[The data]
((
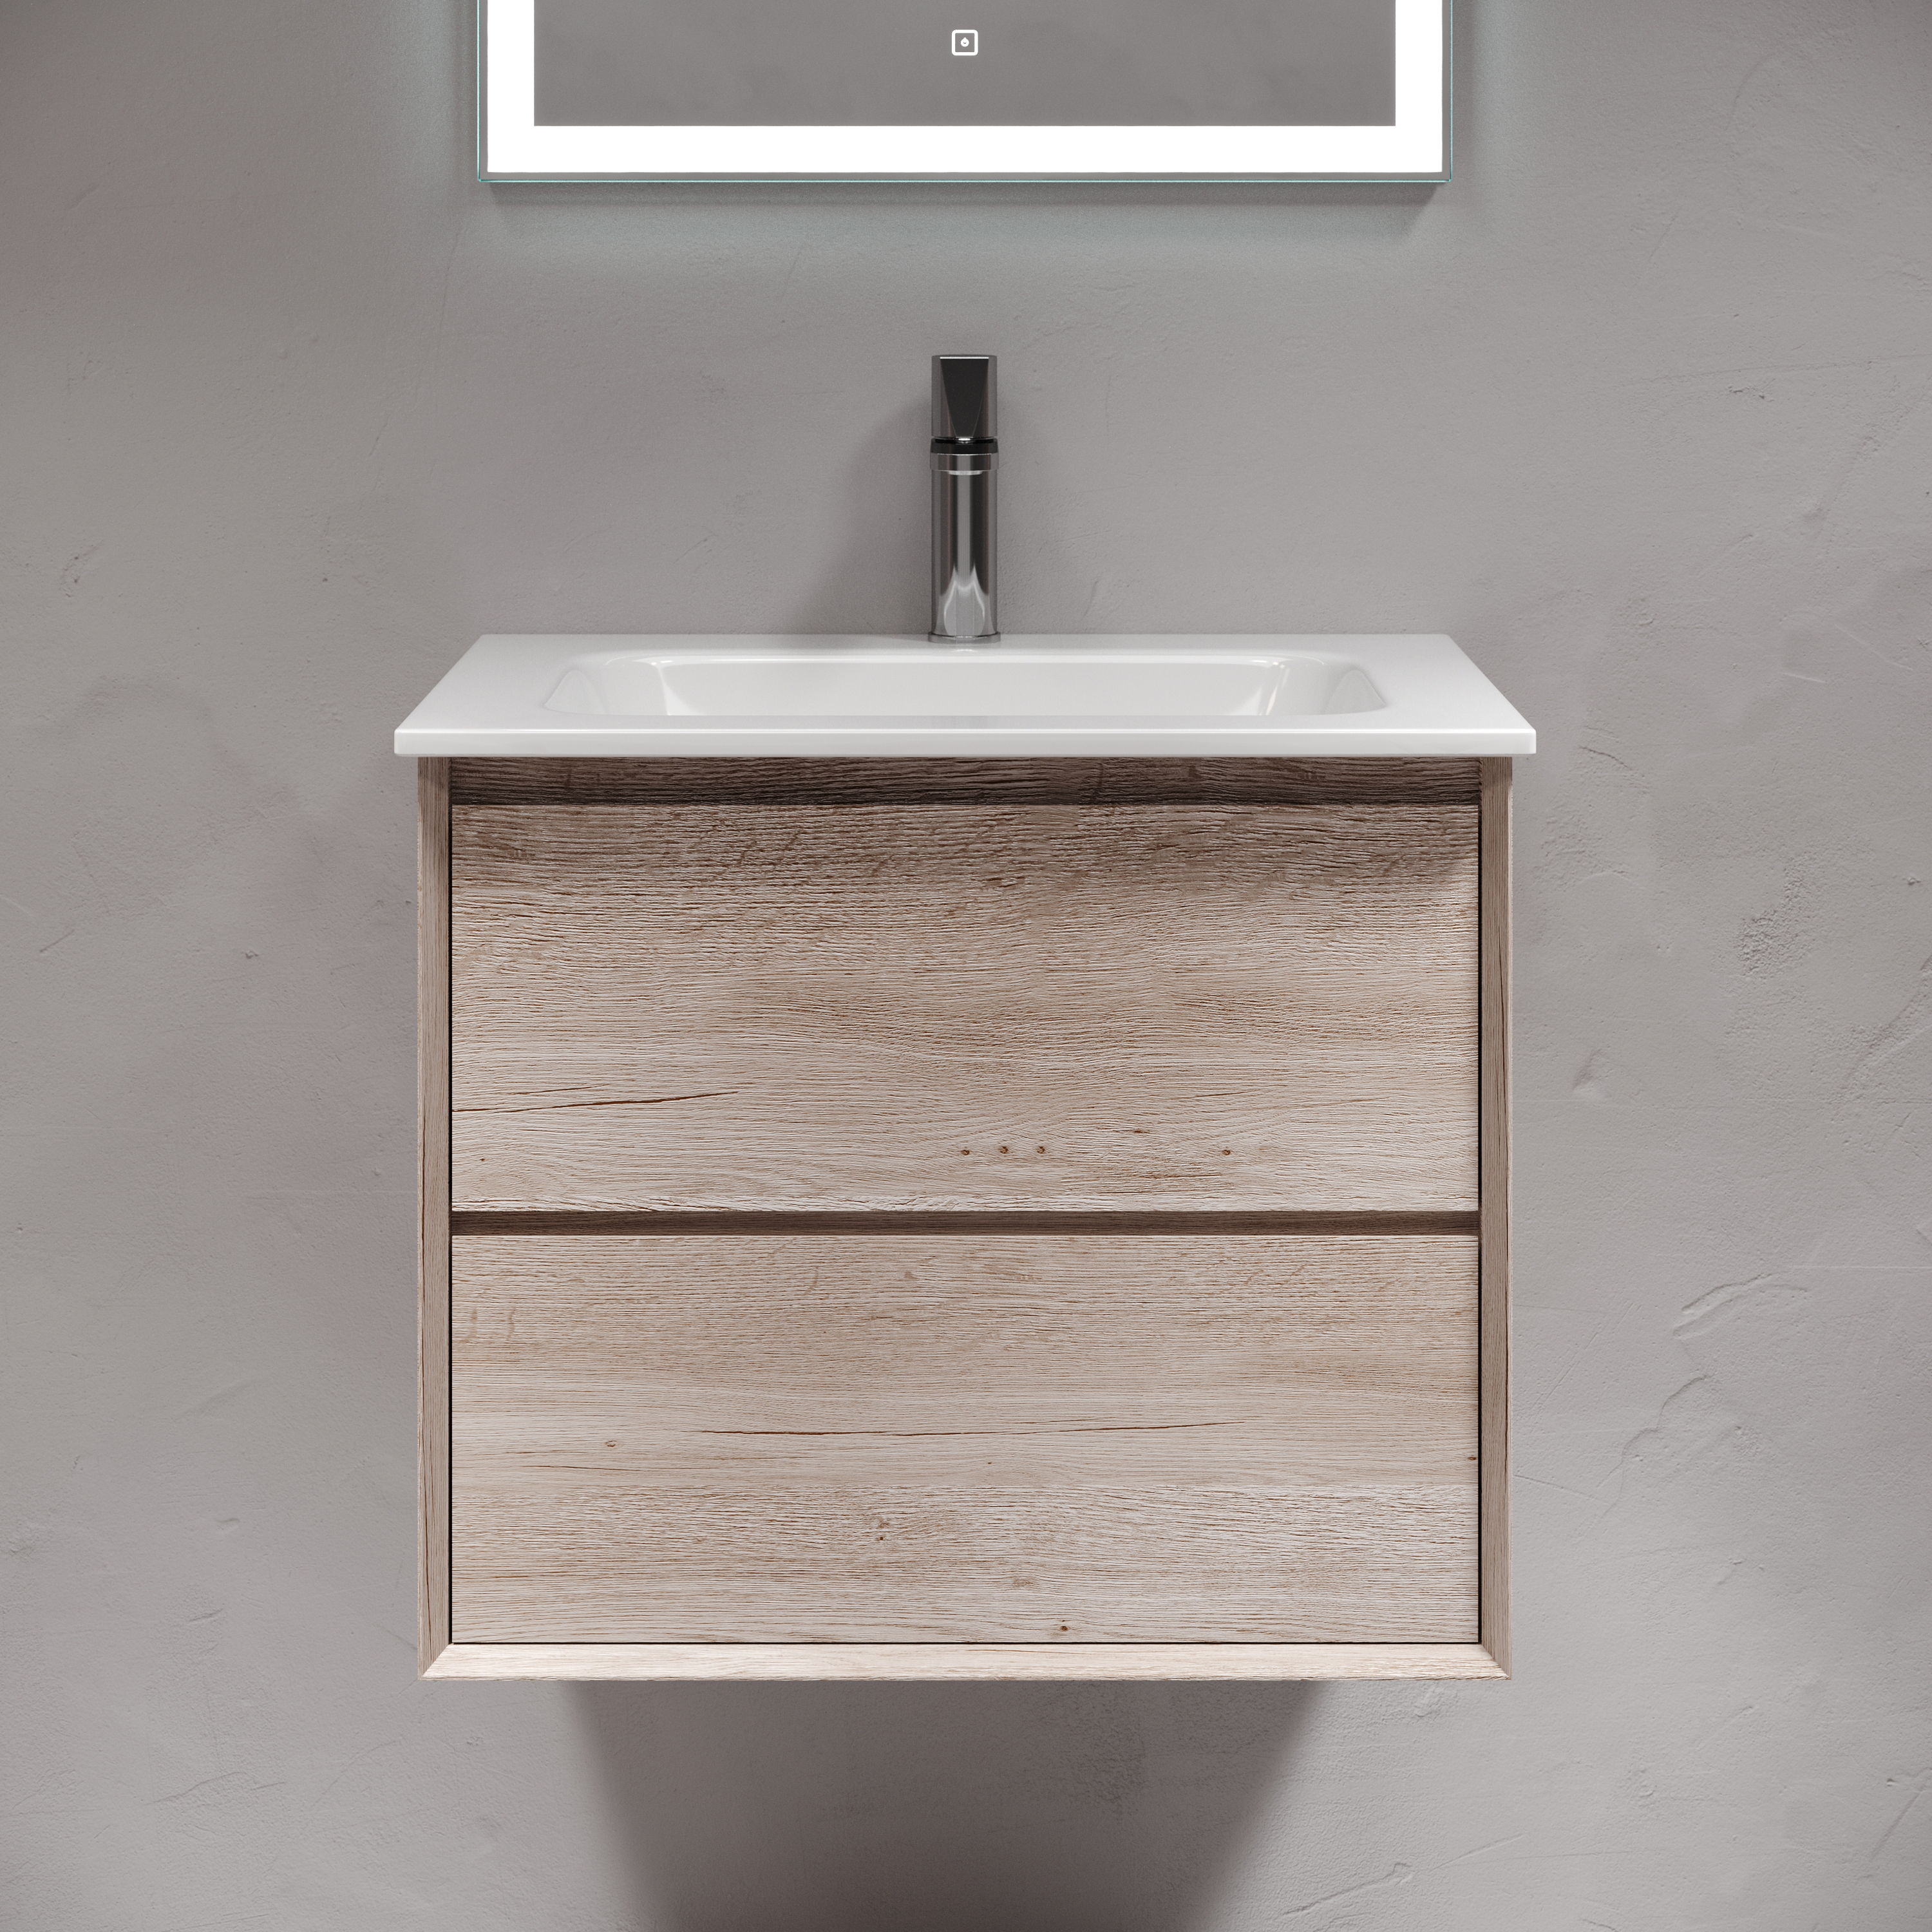 Мебель для ванной комнаты Sancos Marmi 2.0 60 см дуб галифакс натуральный, цвет коричневый MR2.060EG - фото 1
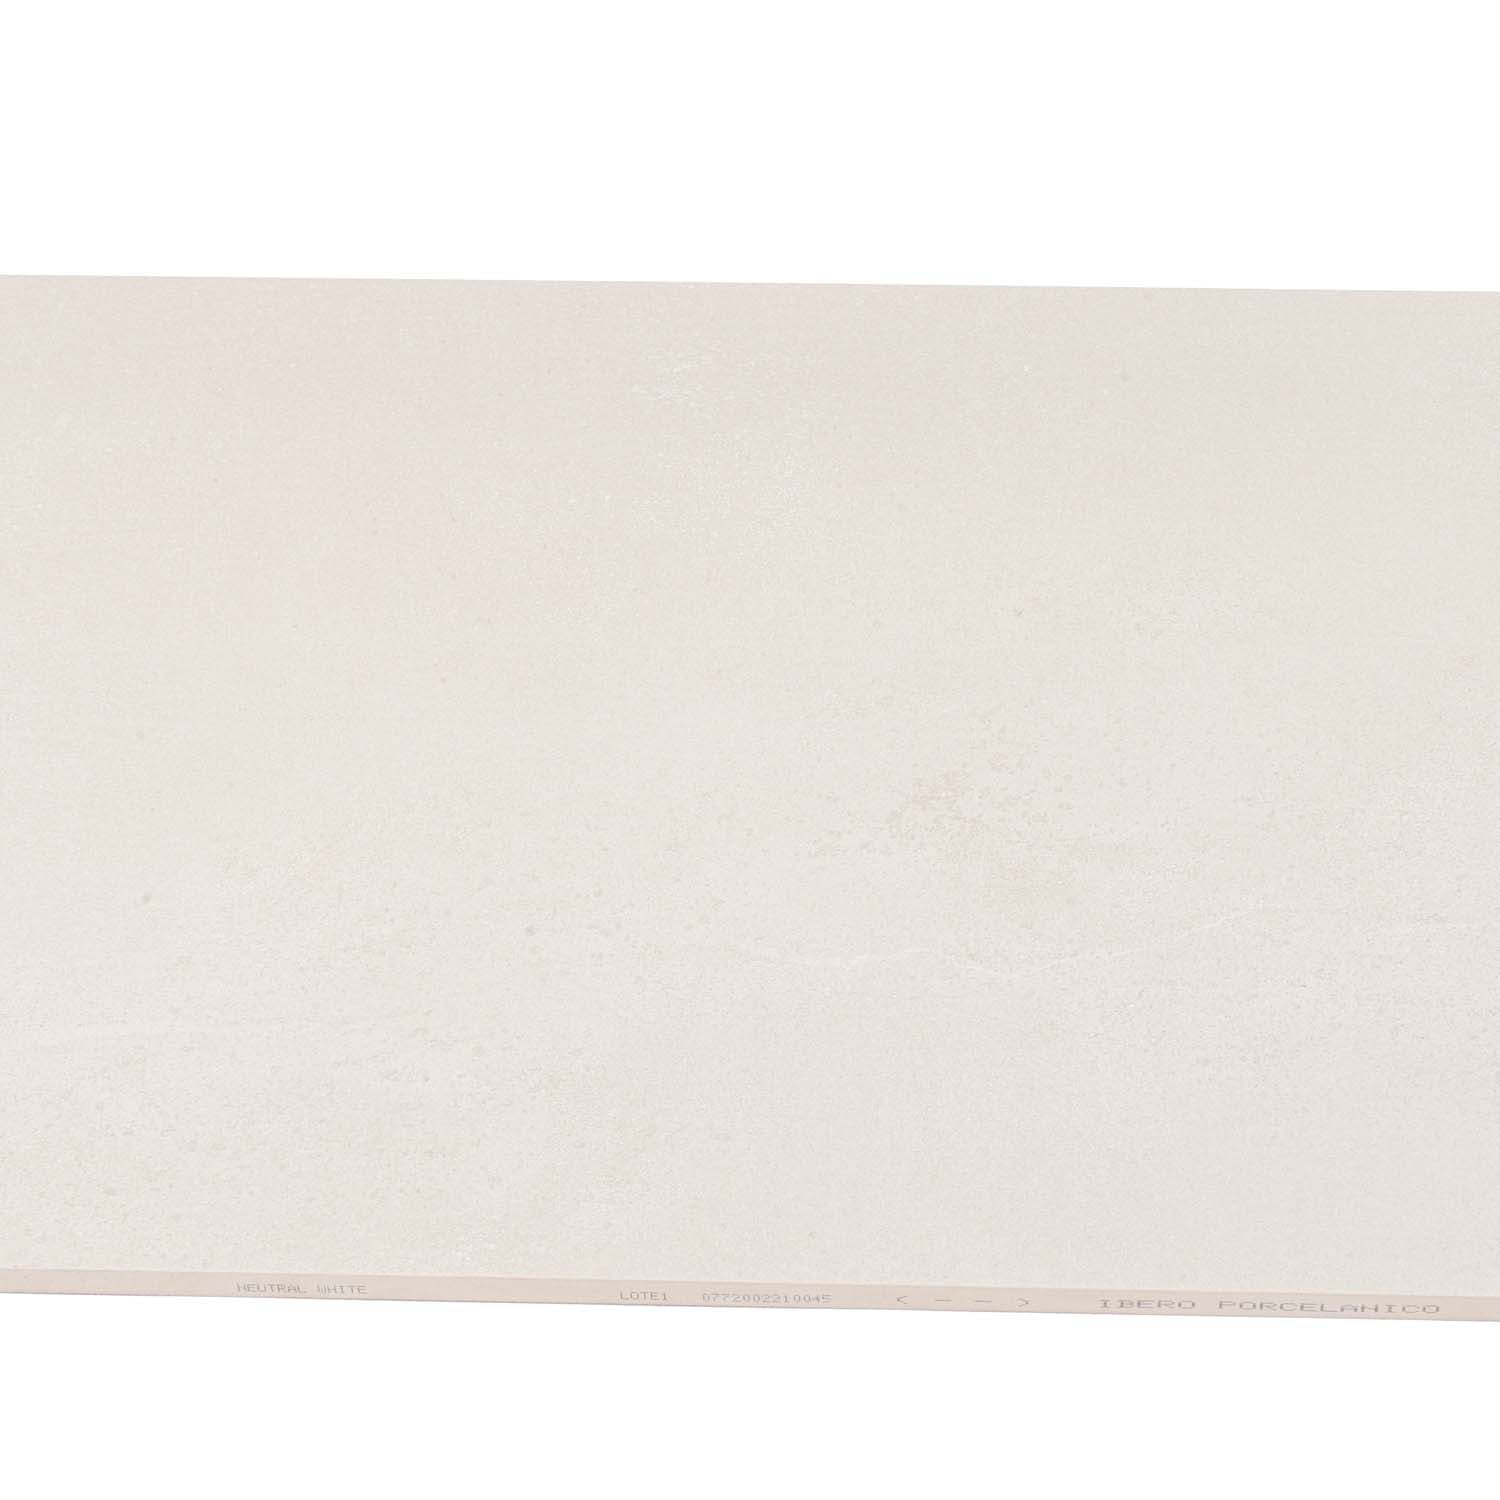 11x39 Bone White Ceramic Floor Tile
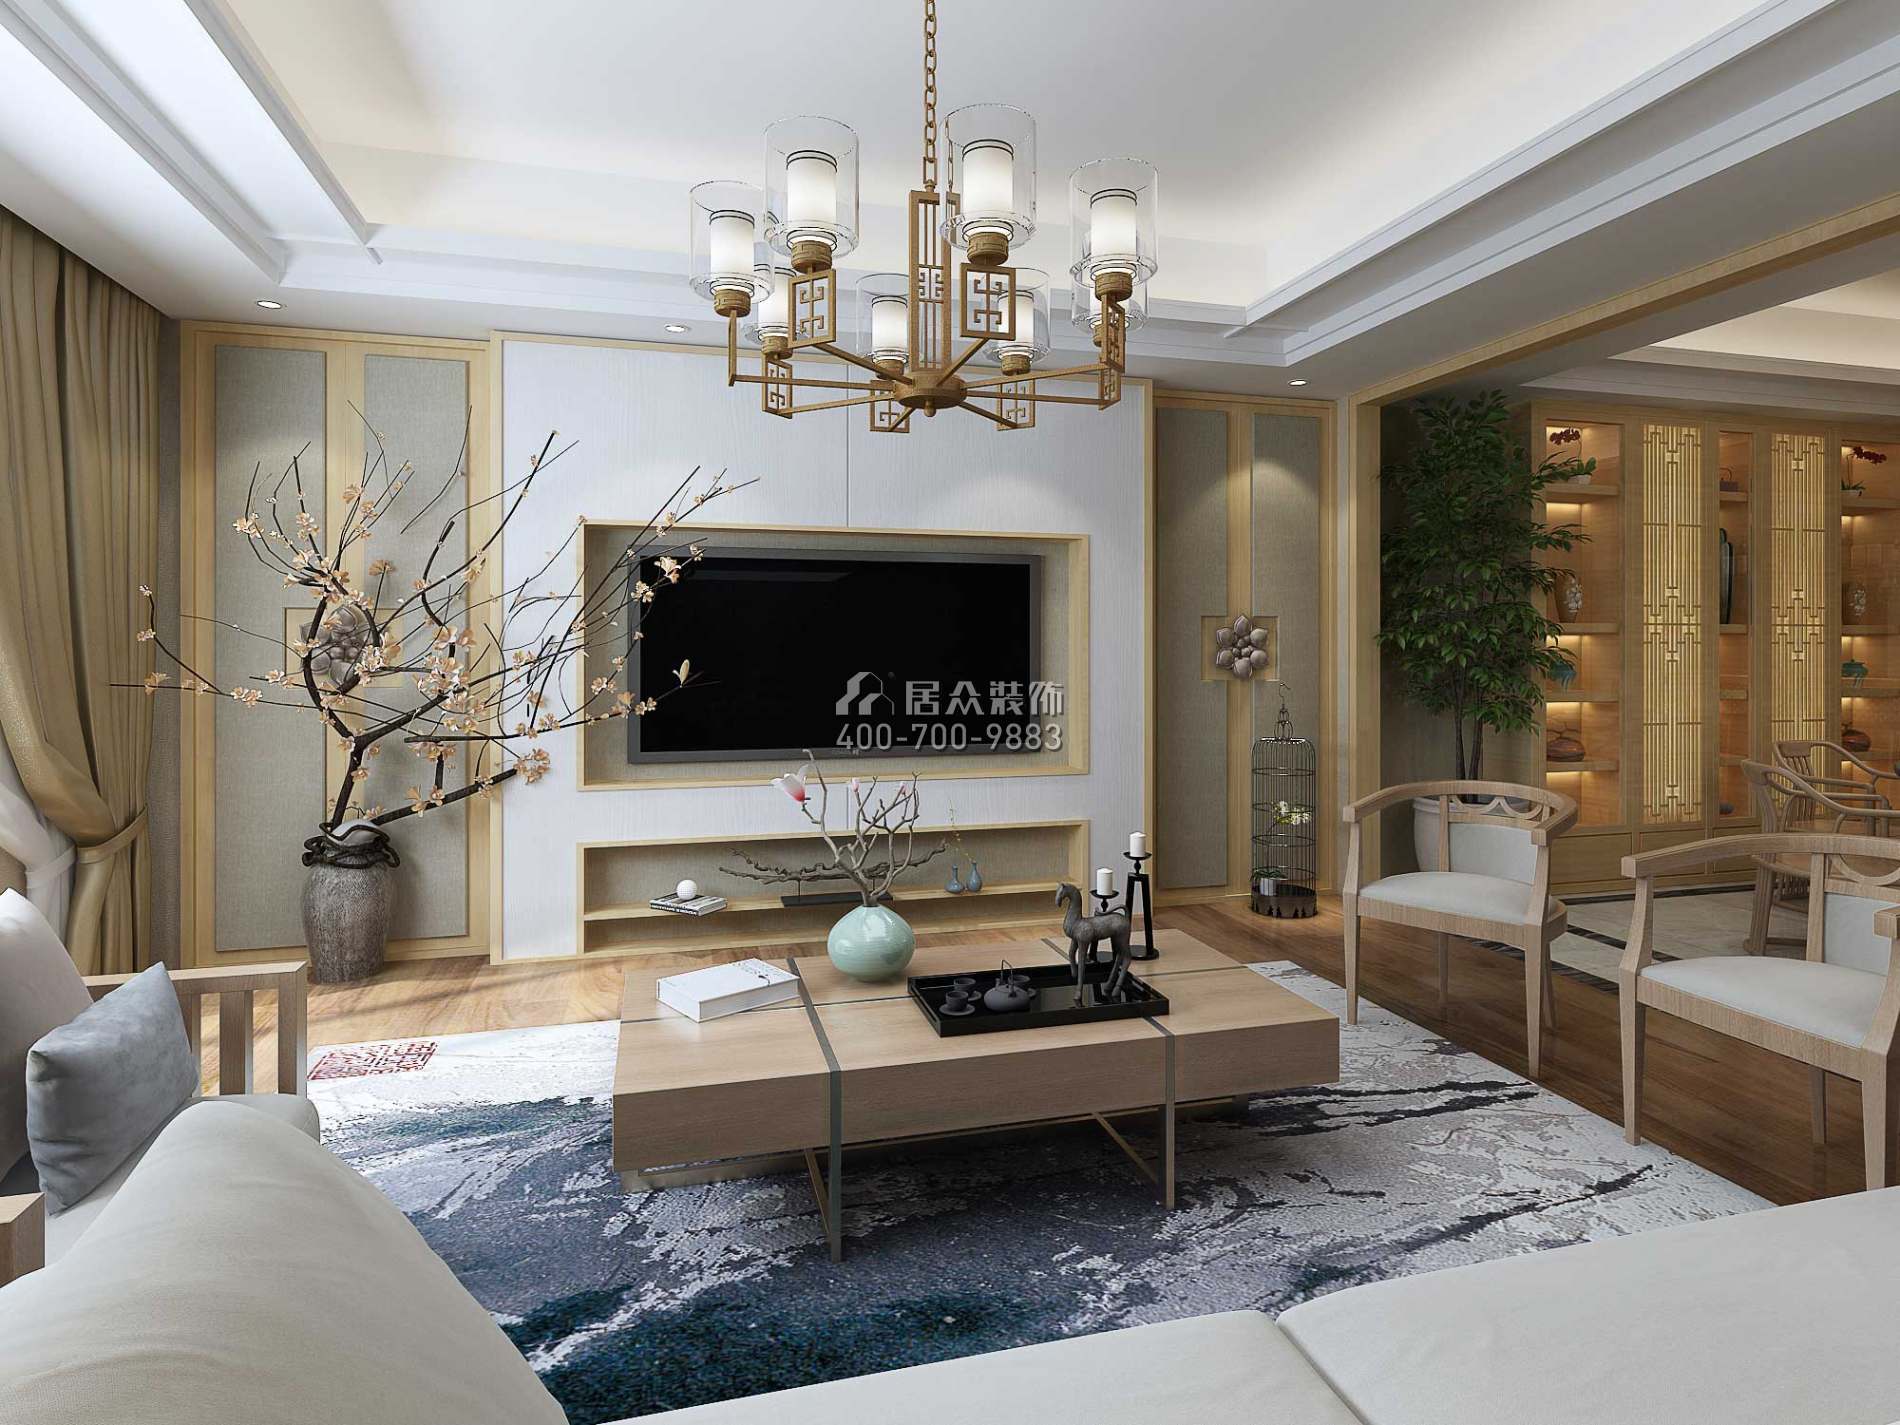 融创凡尔赛领馆108平方米中式风格平层户型客厅装修效果图
))
[Work required] Reproduce every line of the material above, but drop the pictures.

[Result for this task]
 Мебель для ванной комнаты Sancos Marmi 2.0 60 см дуб галифакс натуральный, цвет коричневый MR2.060EG - фото 1
 11x39 Bone White Ceramic Floor Tile
 融创凡尔赛领馆108平方米中式风格平层户型客厅装修效果图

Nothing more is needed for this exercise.